“这白纸是?”
“阿贵姐的纸门本来是有图案的,但是女侍和家母都声称纸门上的图案会不断变化,所以便将纸门改成了白色。”
“会变成安藤坂宅子里花的样子吧?这种情况维持多久了?”
“大概是在阿贵姐去往三岛屋后吧……”
阿近明白了一切。
沉睡在阿贵体内的安藤坂宅子,因为与阿近相见,解除了封印,阿近成为了那宅邸苏醒的诱因!
阿贵认为,自己适合当安藤坂的新主人?
或者说,那座宅子想要接近阿近?
清太郎打开纸门,里面是十张榻榻米大小的房间,三人走进了房间后,闻到了一股檀香。
阿贵坐在栅栏后面,双手摆在膝上,睁着双眼,犹如沉睡一般安静。
她侧脸挂着微笑,眼中空无一人,三人走到了她的身边,也浑然未觉。
“造好牢房后,我们尽可能将姐姐常用的器具放在她的身边,不过危险的器具都收起来了。”
清太郎绕到了阿贵面前,那里设有两扇门,右面的弯腰就能进出,左面的那扇紧贴地面,可以用来放菜。

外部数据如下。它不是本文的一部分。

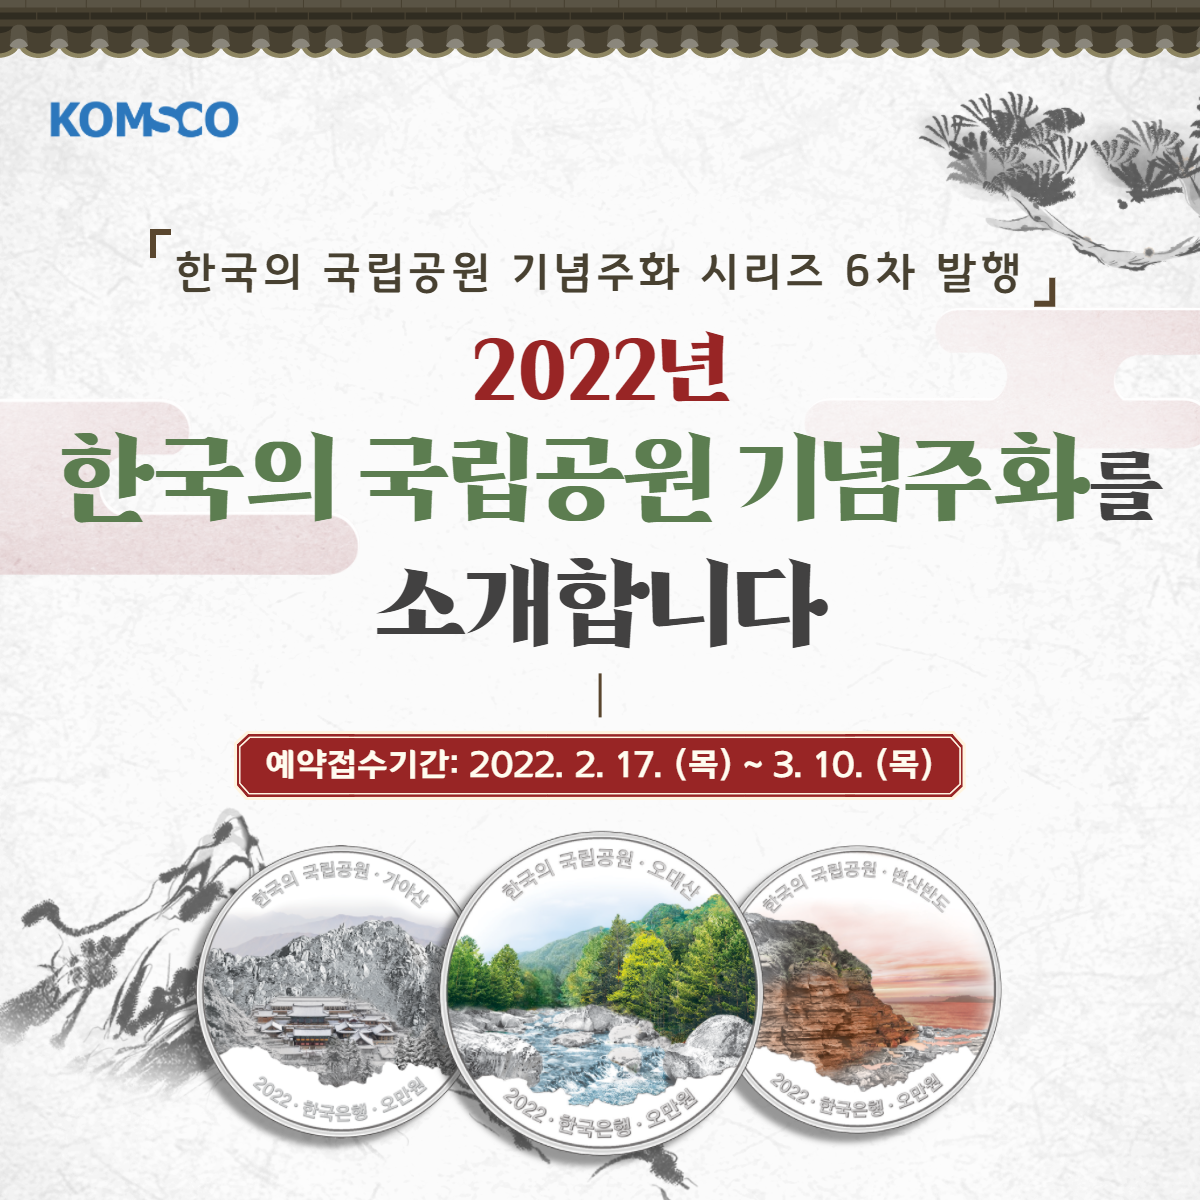 한국의 국립공원 기념주화 시리즈 6차 발행. 2022년 한국의 국립공원 기념주화를 소개합니다. 예약접수기간 : 2022.2.17.(목) ~ 3.10.(목)

门上挂着锁,清太郎将钥匙插进锁里,发出了“咔擦”声响:
“我梦里梦到的就是这个声响。”
清太郎取下了门锁,带着阿近和喜一进入了栅栏内:
“阿贵姐,我带客人来了。”
阿近坐在了阿贵的面前:
“我是三岛屋的阿近,曾因百物语一事与您有过一面之缘,您应该记得我吧?
您在吧?待在里头吧?阿贵小姐,我是阿近,和宅邸很配的阿近,请您出来迎接我。”
阿近和阿贵四目相对,阿贵的眼中有东西闪动。
那是一个绑着包包头,穿着和服的小女孩。
小女孩看着阿近,露出了惊讶的表情。
那是小时候的阿贵:
“娘,有客人!”
喜一看到阿贵眼中的女孩,吓得用力拉着阿近的手,差点把阿近拉倒在地。
清太郎也坐在门口,混身颤抖了起来。
“哥哥,你干嘛?你也看到了吗?你也看到了里面的小女孩了吗?
清太郎先生呢?你也看到里面的小女孩了吗?”
清太郎声音发颤:
“我没看到,我没看到什么小女孩,不过我听到了声音,我听到了庭院的风声。”
阿近倒吸了一口凉气,感受阿贵像是快要昏倒了一样,脑袋也是摇摇晃晃,像是要掉下来了一样。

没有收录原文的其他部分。